Scaling of leaf optical measurements: hemispherical leaf optical measurements will be
made with a full-range (350 – 2500nm) ASD spectroradiometer and Licor integrating sphere
that provides direct measures of reflectance, transmittance and absorption spectra. These
spectra will made for samples from harvested branches + leaves (kept moist and measured
the same day). A portable ASD Field-Spec radiometer with spectral range in the visible and
near-infrared (350-1100 nm) and with a leaf clip apparatus will also be used for
measurements of in-situ leaf spectra. These measurements will be conducted to ensure the
integrity of measurements made from the harvested samples.

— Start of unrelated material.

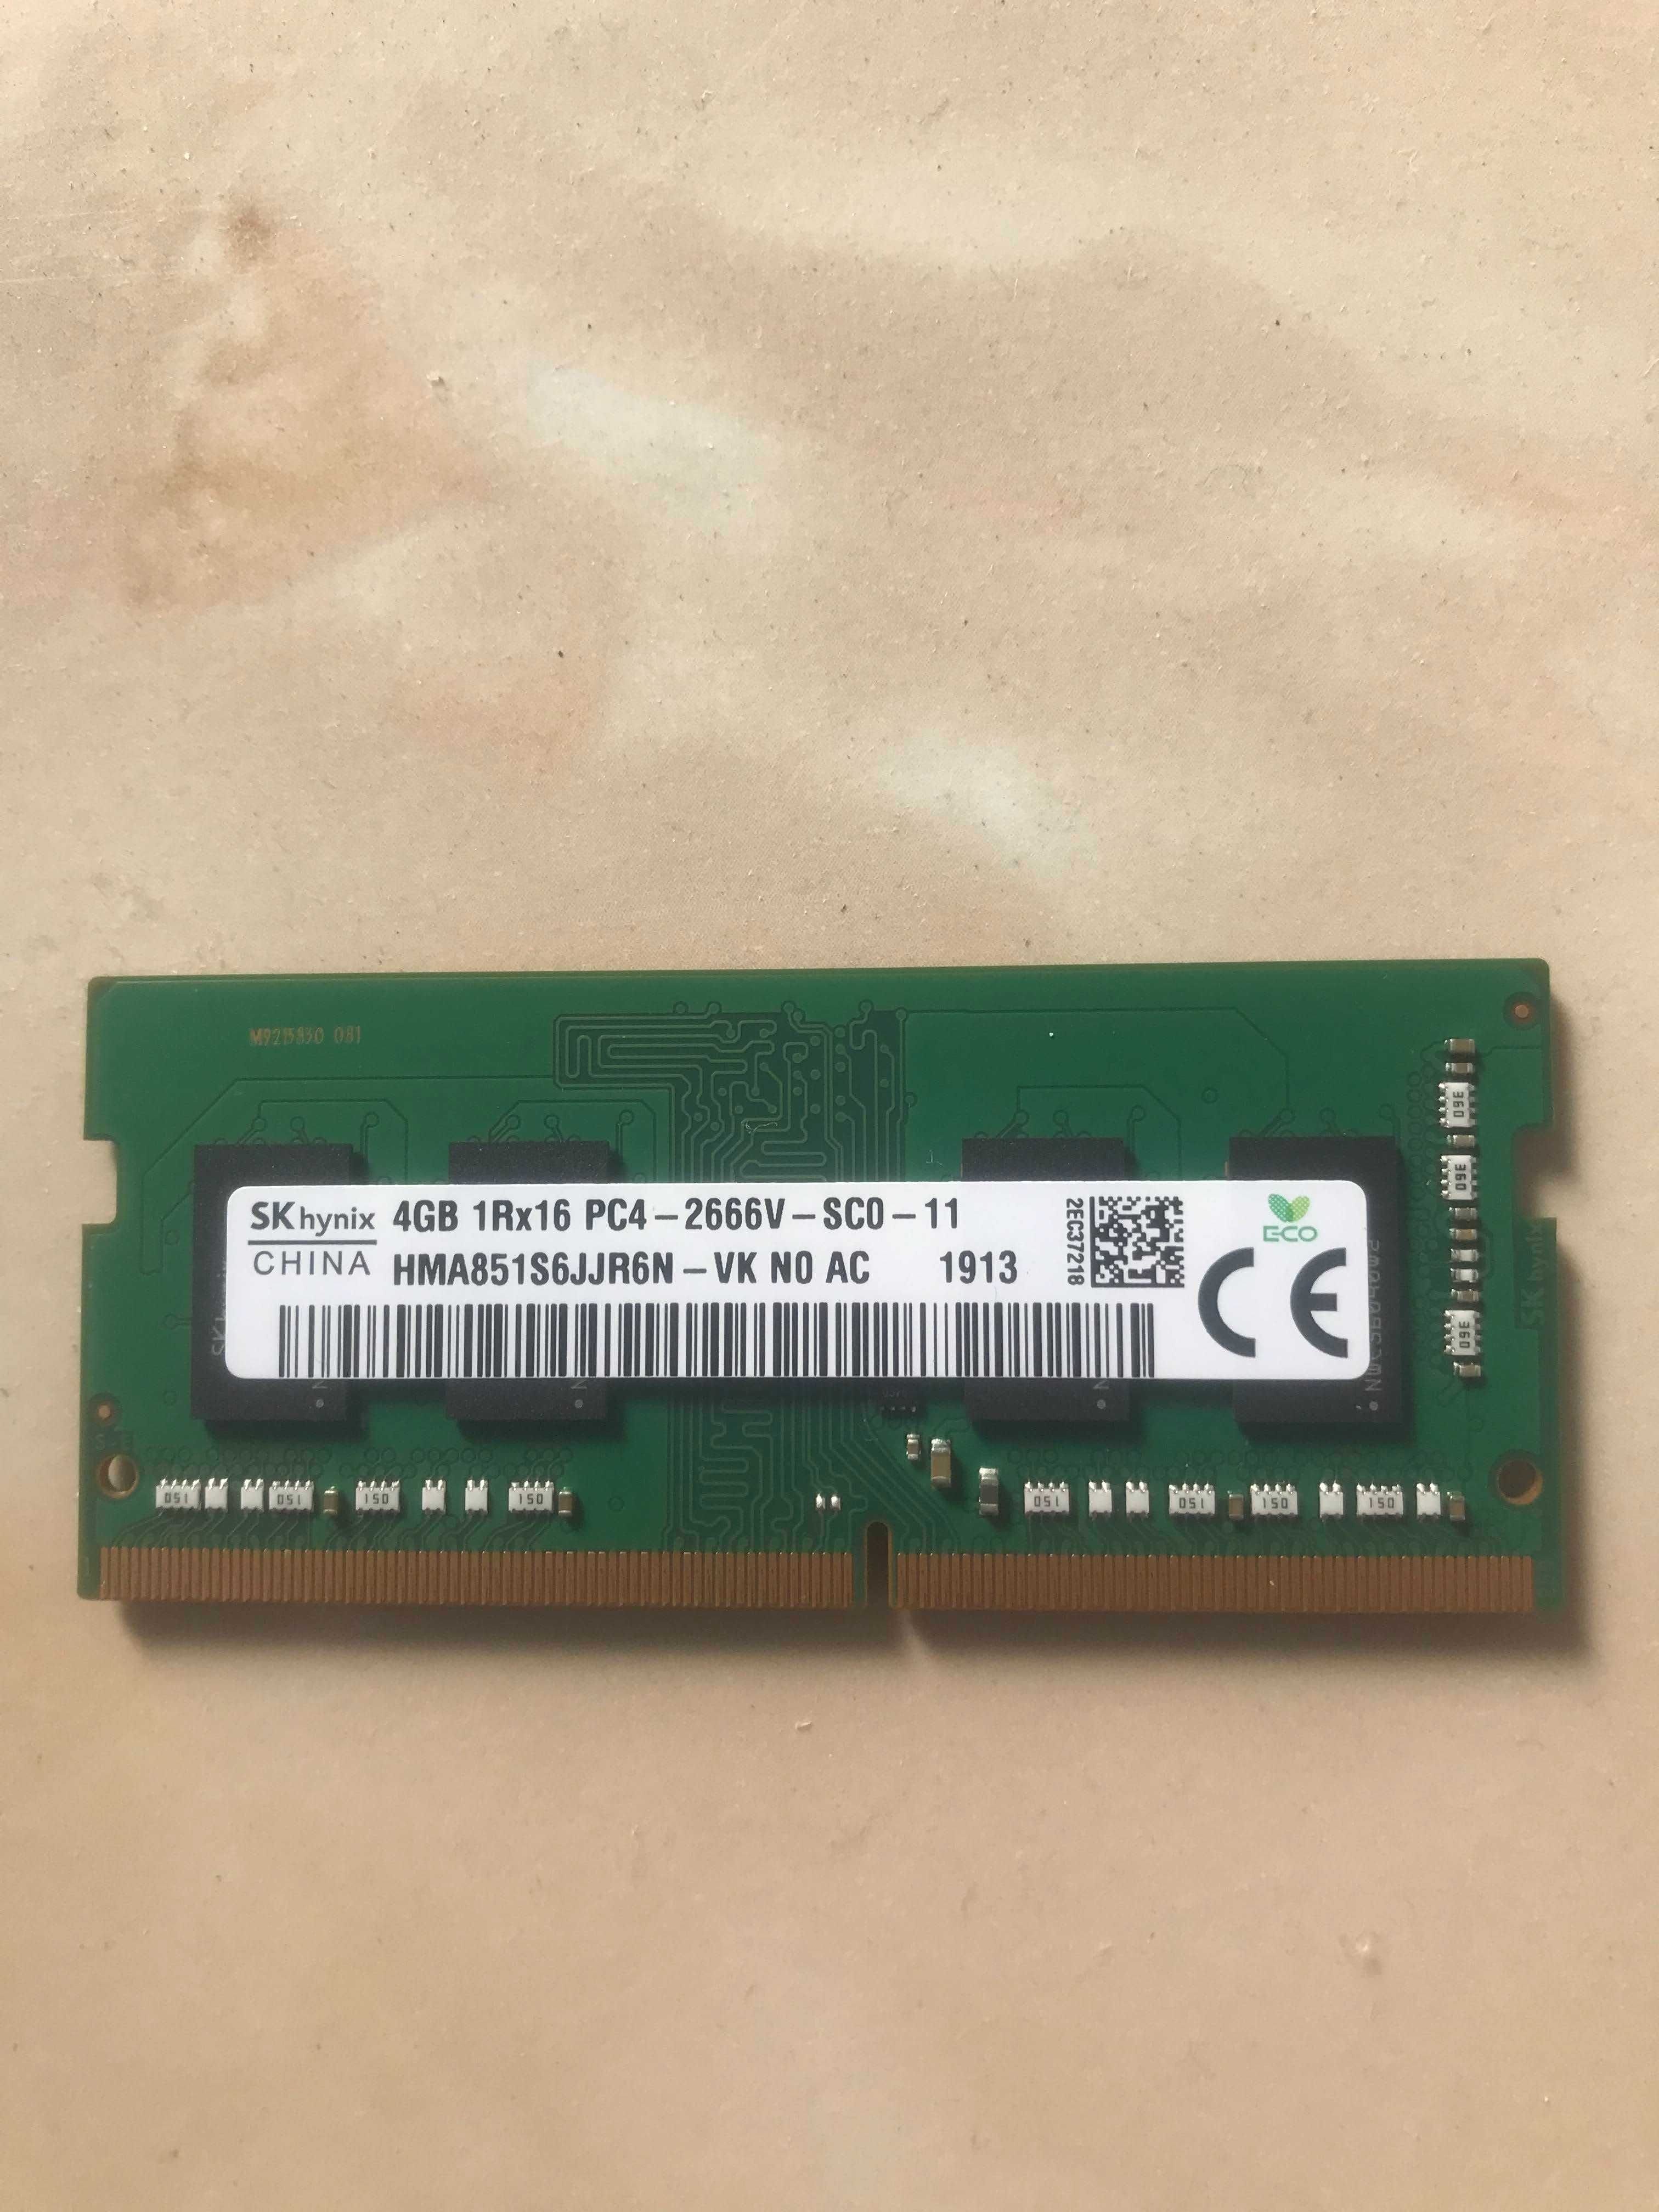 SK hynix 4GB 1Rx16 PC4-2666V-SC0-11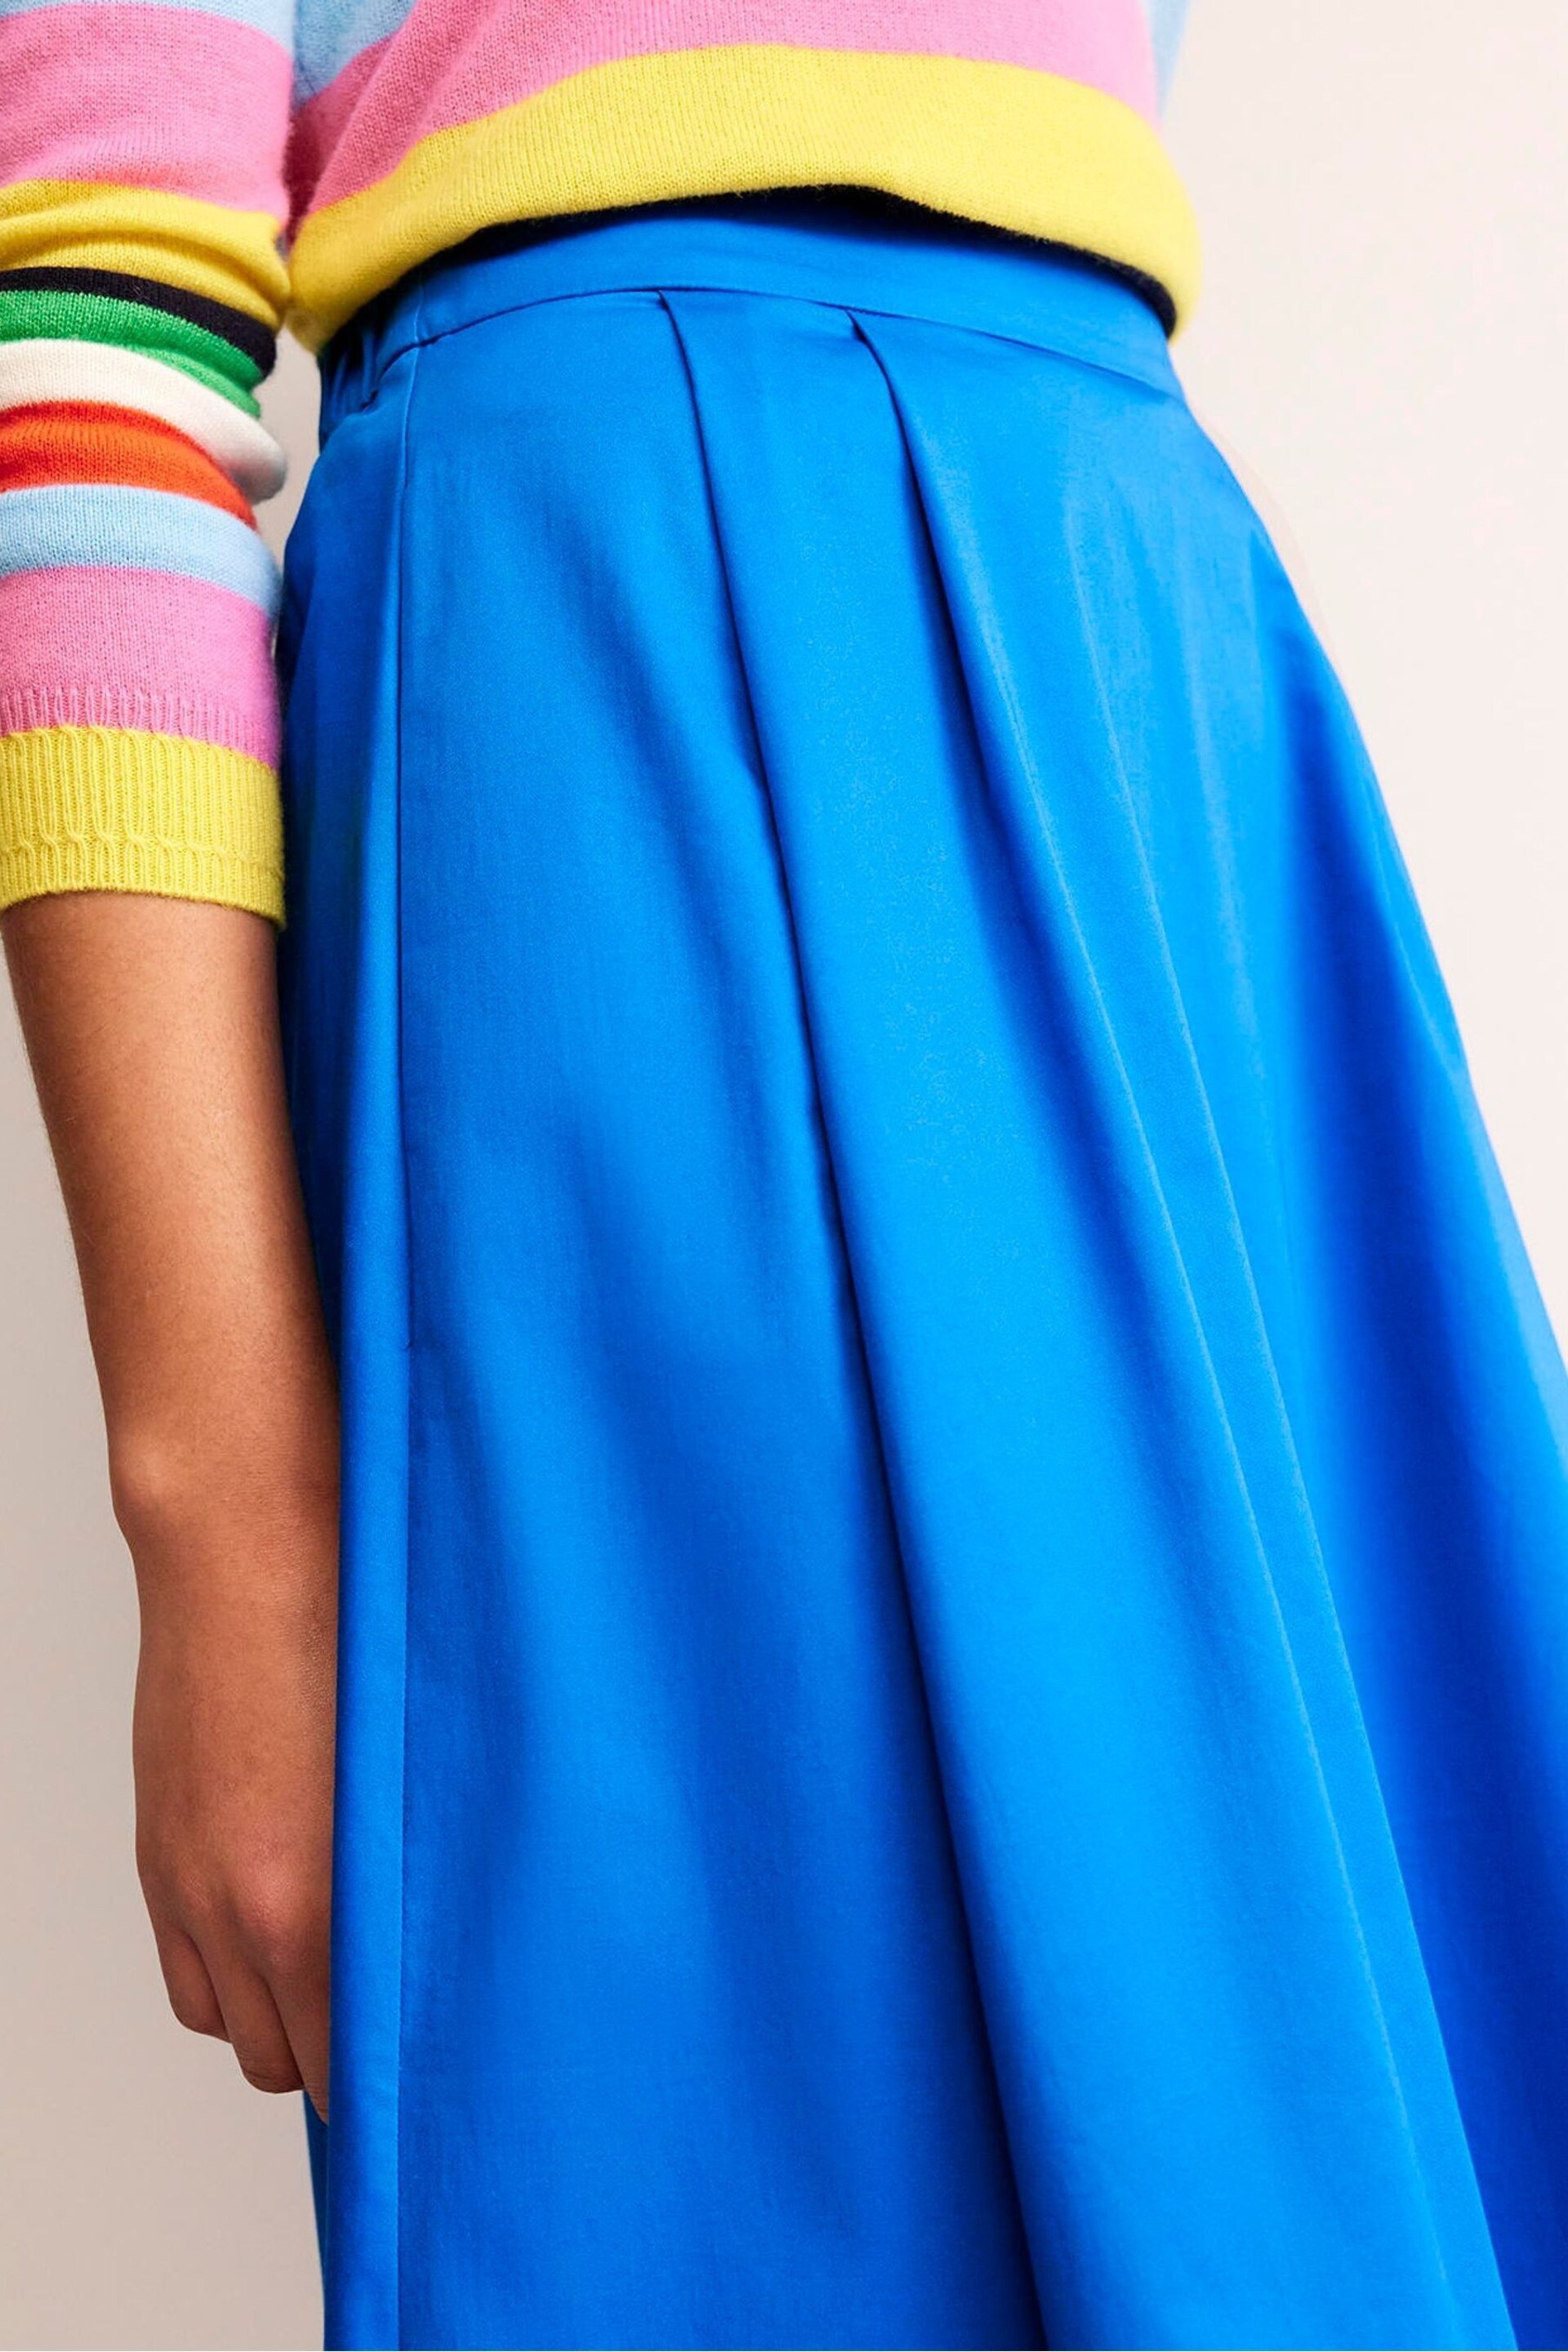 Boden Blue Isabella Cotton Sateen Skirt - Image 1 of 5

The narrowband spectral measurements will be used to derive hyperspectral indices
sensitive to leaf chlorophyll, including the first derivative of the red edge slope at 700-740nm
and the narrow-band versions of vegetation indices, such as EVI. MODIS vegetation
products are derived from broadbands which are unable to capture fine chlorophyll spectral
features and their variation with leaf phenology (see comparison leaf age spectra figure, in
which the more intense red absorption feature of younger leaves and their stronger red-NIR
contrast (from 675nm to 750nm) are masked by the broader red bands common to MODIS
and other satellite sensors). This shows that hyperspectral measures would best depict the
stronger vigor (and metabolism) of younger leaves and the phenological dynamics of
broadband ‘greenness’ measures (from young to old leaves) may behave differently than the
hyperspectral ‘greenness’ measures.
In this study, we aim to relate hyperspectral measures of leaf phenology with concurrent leaf
physiology to best determine how to couple leaf optics with leaf function. Although spectral
absorption in the red is normally correlated with chlorophyll, other factors will need to be
considered including seasonal variations in the presence and extent of epiphyll coatings on the
leaf (epiphyll activity is most pronounced in the humid rainy season and their presence increases
‘red’ absorption, independent of chlorophyll amounts and/or photosynthesis activity (Toomey et
al., 2009).
At the canopy scale, remotely-sensed phenologic dynamics will additionally be influenced by
multiple leaf scattering and multiple species (with some degree of asynchronous behavior). The
high LAI levels common in tropical rainforests cause saturation in the photosynthetically active
spectral region, including the chlorophyll-sensitive spectral regions. Studies have shown that in
such high LAI environments, the best correlations with chlorophyll occur with narrowband spectra
away from the intense absorption regions, either at ~710nm or in the longer wavelengths of the
green peak area (Carter and Knapp 2001). Thus sensitivity to chlorophyll at the canopy scale
would require narrowband spectral measurements.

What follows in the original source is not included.